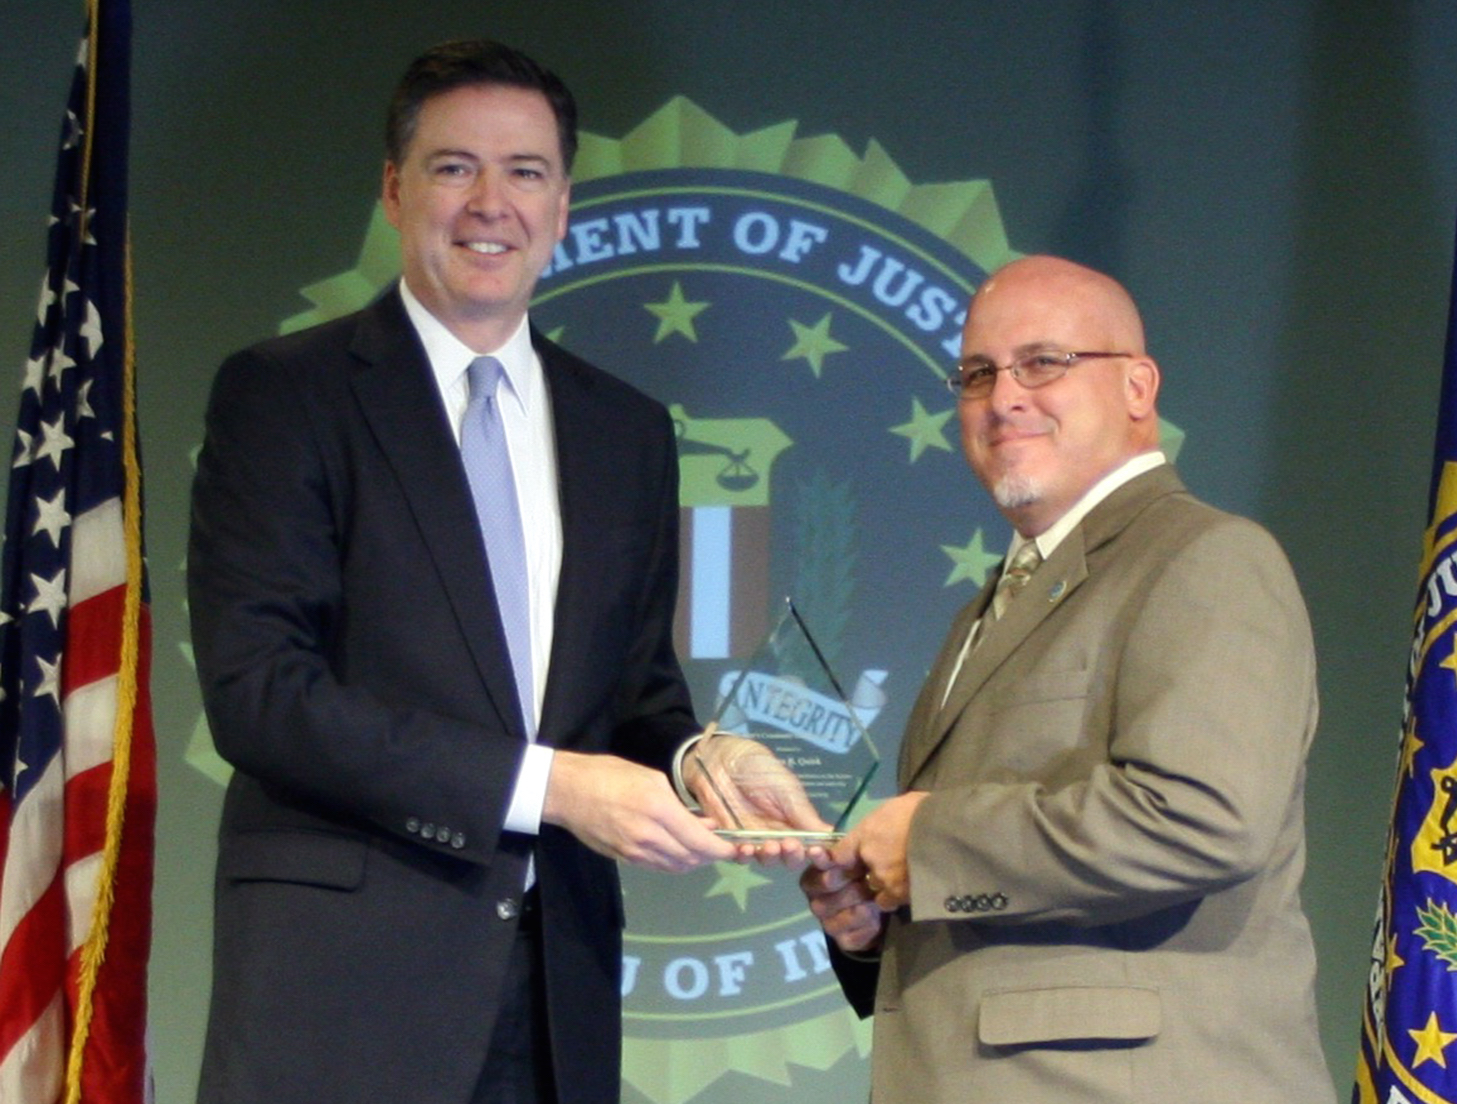 Stephen B. Quirk Receives Director’s Community Leadership Award from Director Comey on April 15, 2016
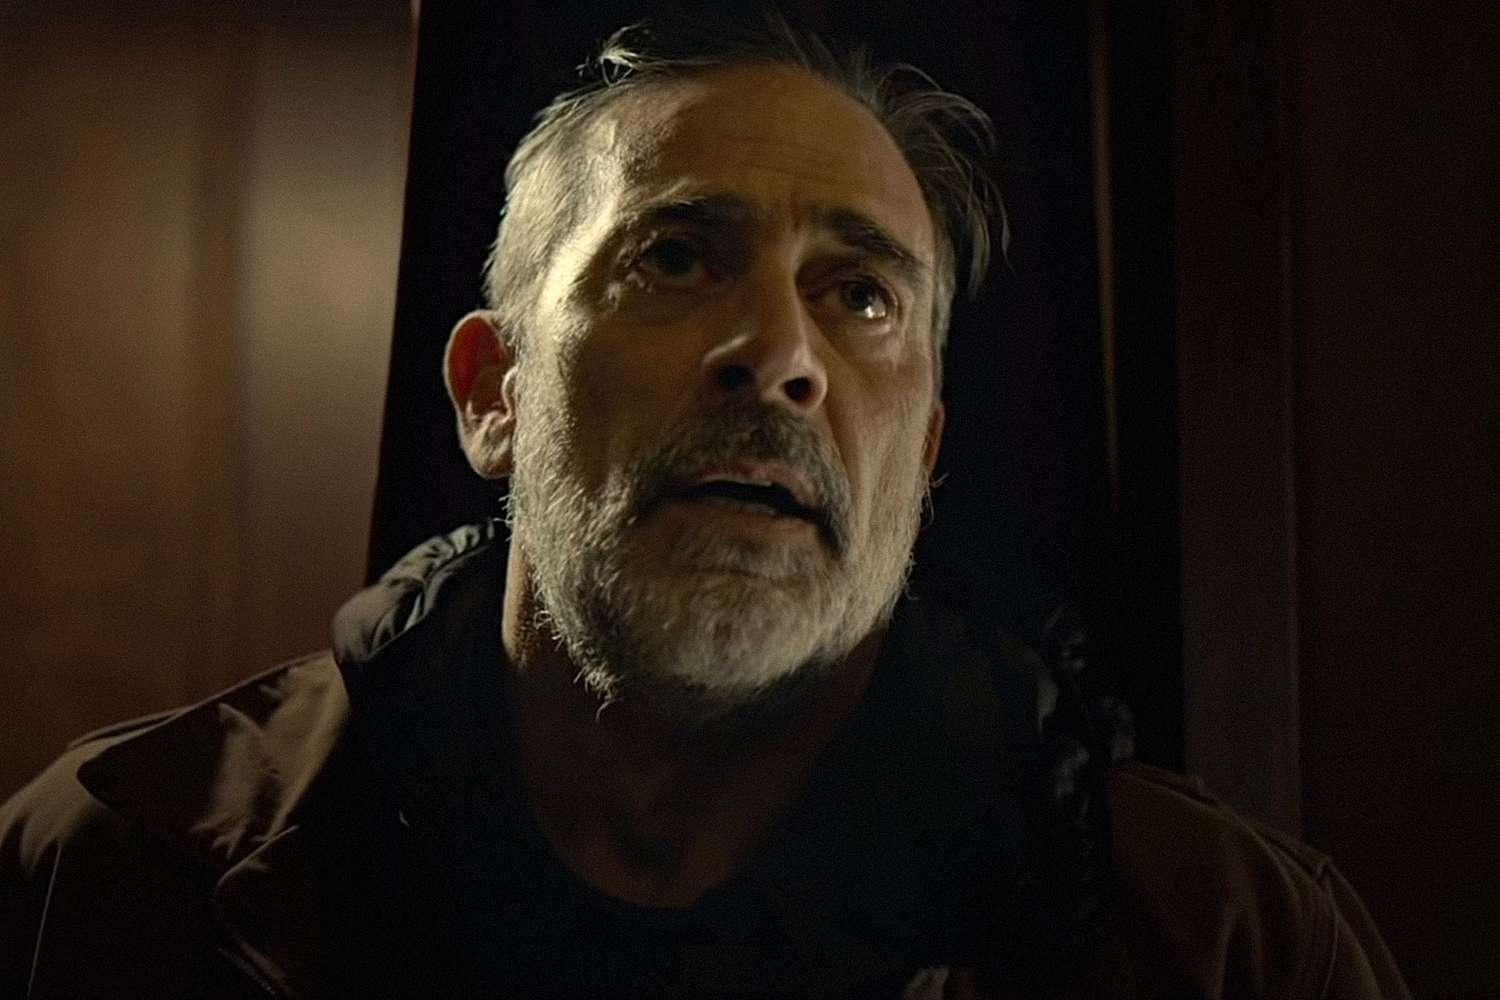 Jeffrey Dean Morgan as Gerald in The Unholy, which premiered on April 2, 2021
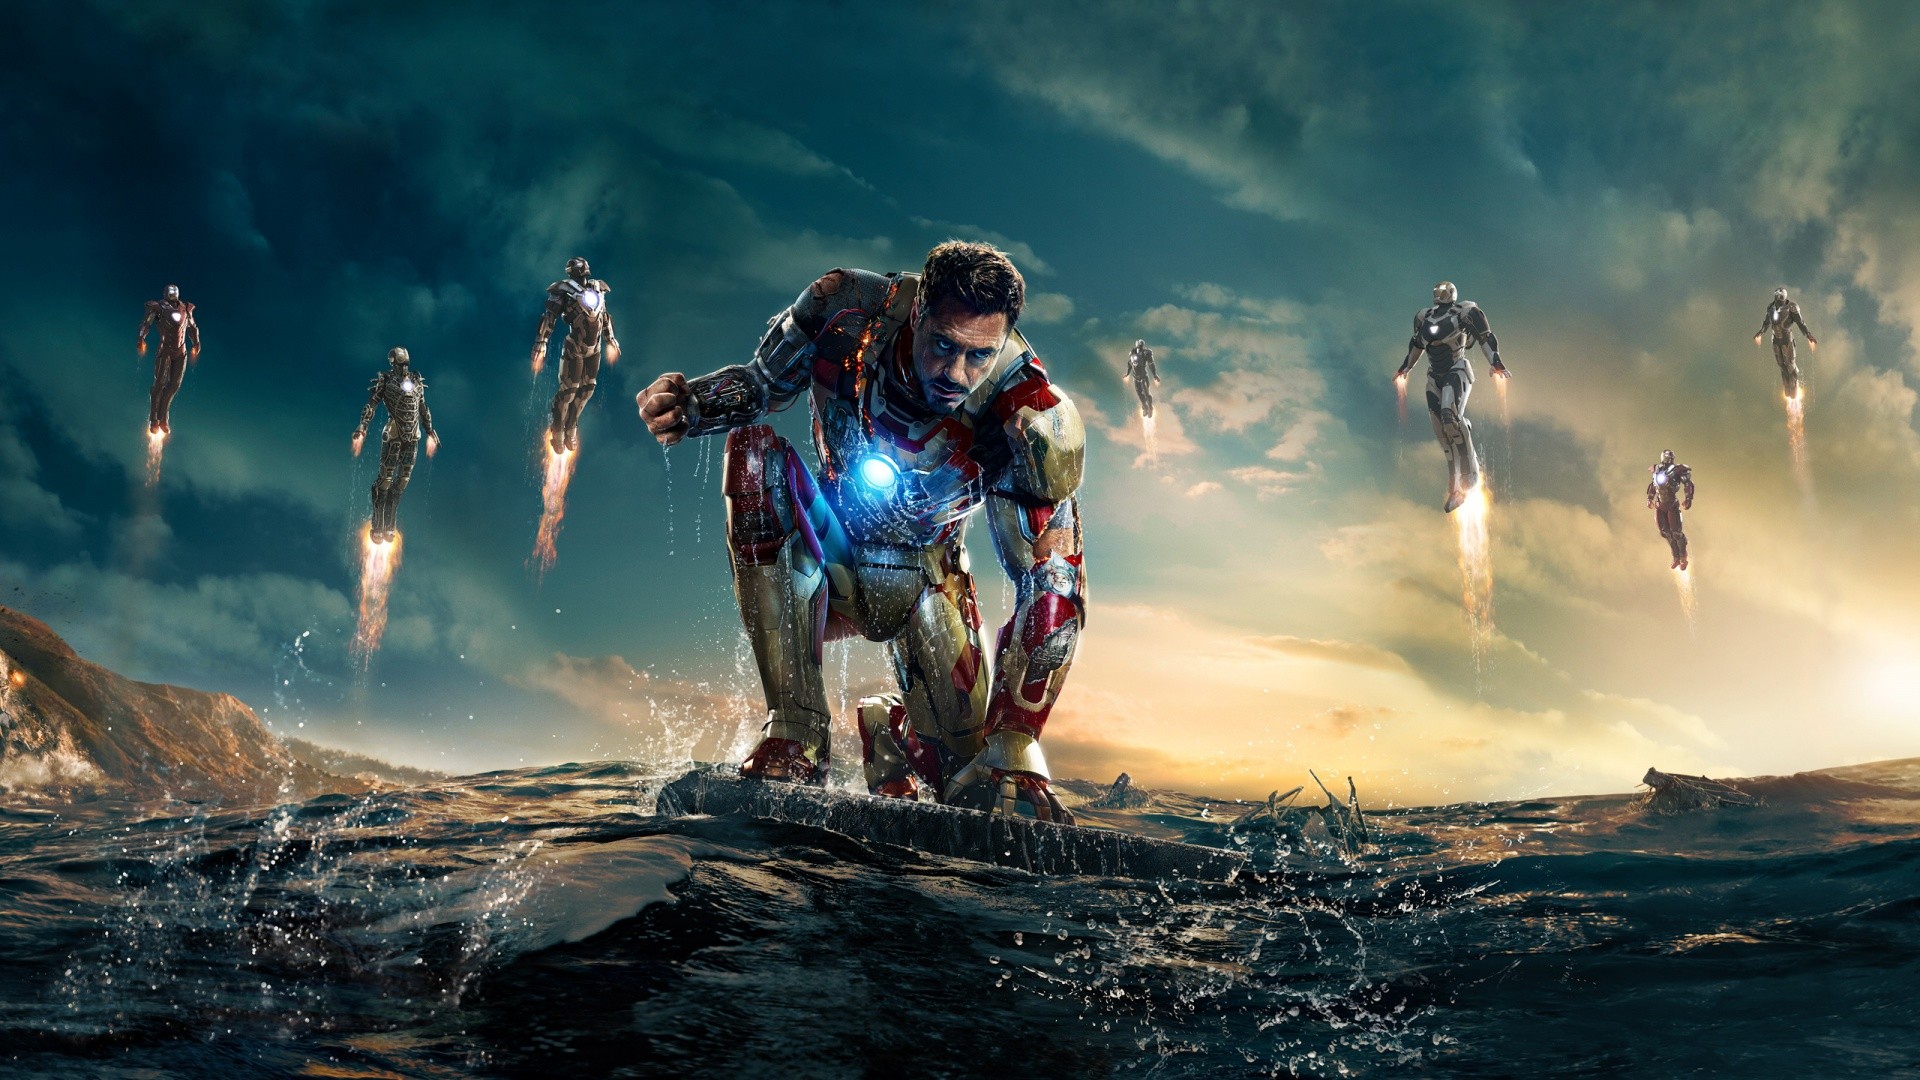 1920x1080 Top 10 HD #Iron Man #Wallpapers for #iPhone 5/5s

* **TASK TO COMPLETE**: Give the data again exactly, image-free.

* **RESULT**:
 Stephen B. Quirk Receives Director’s Community Leadership Award from Director Comey on April 15, 2016
 Jeffrey Dean Morgan as Gerald in The Unholy, which premiered on April 2, 2021
 1920x1080 Top 10 HD #Iron Man #Wallpapers for #iPhone 5/5s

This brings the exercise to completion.